The whale sharks I saw in the Similans as a newly qualified Advanced Open Water diver are still out there somewhere. The manta that appeared in Dahab when I'd stopped expecting it. The hammerhead school at Kicker Rock that I watched without a camera and will never forget.
Every choice you make as a diver, the operator you book, the sunscreen you skip, the gear you choose, the brand you buy from, is a vote for whether future divers get to have those moments too.
Carry the Ocean With You
At The Dive Compass, every print is inspired by the marine life we dive with, study, and fight for. Our swimwear is made from 75% recycled polyester, manufactured to order, zero overproduction, zero waste and every purchase plants a coral through our Save Our Seas Pledge with Living Seas.
Because the best thing you can do for these animals between dives is make every choice count.
FAQ
Q: What is the rarest bucket list marine encounter?
A: Based on my own experience — manta rays surprised me most.
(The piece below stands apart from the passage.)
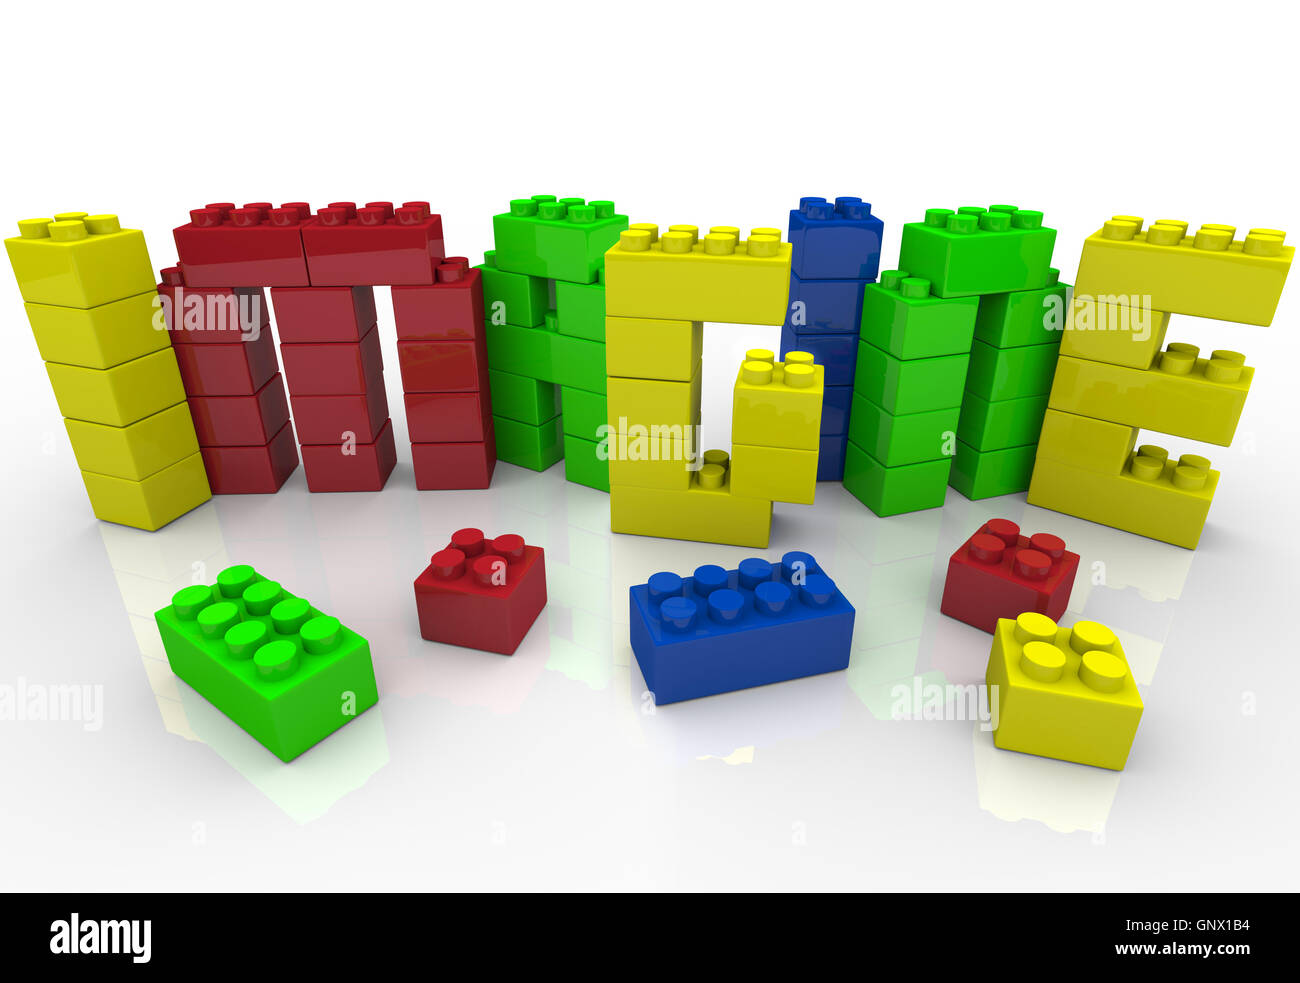 Imagine Word in Toy Plastic Blocks Idea Creativity Stock Photo

I dove over 100 dives across dedicated manta sites in Indonesia and the Maldives before my first sighting, which happened unexpectedly in Dahab, Egypt. Whale sharks are similarly unpredictable outside peak aggregation sites.
Q: Are hammerhead sharks dangerous to divers?
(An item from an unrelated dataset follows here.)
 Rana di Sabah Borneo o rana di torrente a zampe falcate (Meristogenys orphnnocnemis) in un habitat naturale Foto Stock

A: Unprovoked hammerhead attacks on divers are extraordinarily rare. Scalloped hammerheads — the species most commonly encountered schooling — are notoriously shy and typically retreat from divers. The danger runs almost entirely the other way: hammerheads are critically endangered from human activity.
Q: What is the best time of year to see whale sharks?
A: It varies by location. Ningaloo Reef peaks March to July, the Maldives offers year-round sightings at South Ari Atoll, Isla Holbox peaks June to September, and Similan Islands liveaboard season runs roughly November to May. Always research timing for your specific destination — and choose operators who follow responsible encounter guidelines.
Q: Can octopuses be safely approached while diving?
A: Most species can be observed safely from a respectful distance — never handle them. The critical exception is the blue-ringed octopus, found across the Indo-Pacific, which is potentially lethal despite its tiny size. If you see a small, strikingly patterned octopus with blue rings appearing when disturbed, maintain significant distance and do not touch under any circumstances.
Q: How can divers help protect these animals?
A: Choose responsible operators who follow marine life encounter guidelines. Never touch or chase marine animals. Replace chemical sunscreen in the water with a UPF 50+ rash guard — zero chemicals, full protection. Support brands and organisations actively contributing to coral restoration and marine conservation.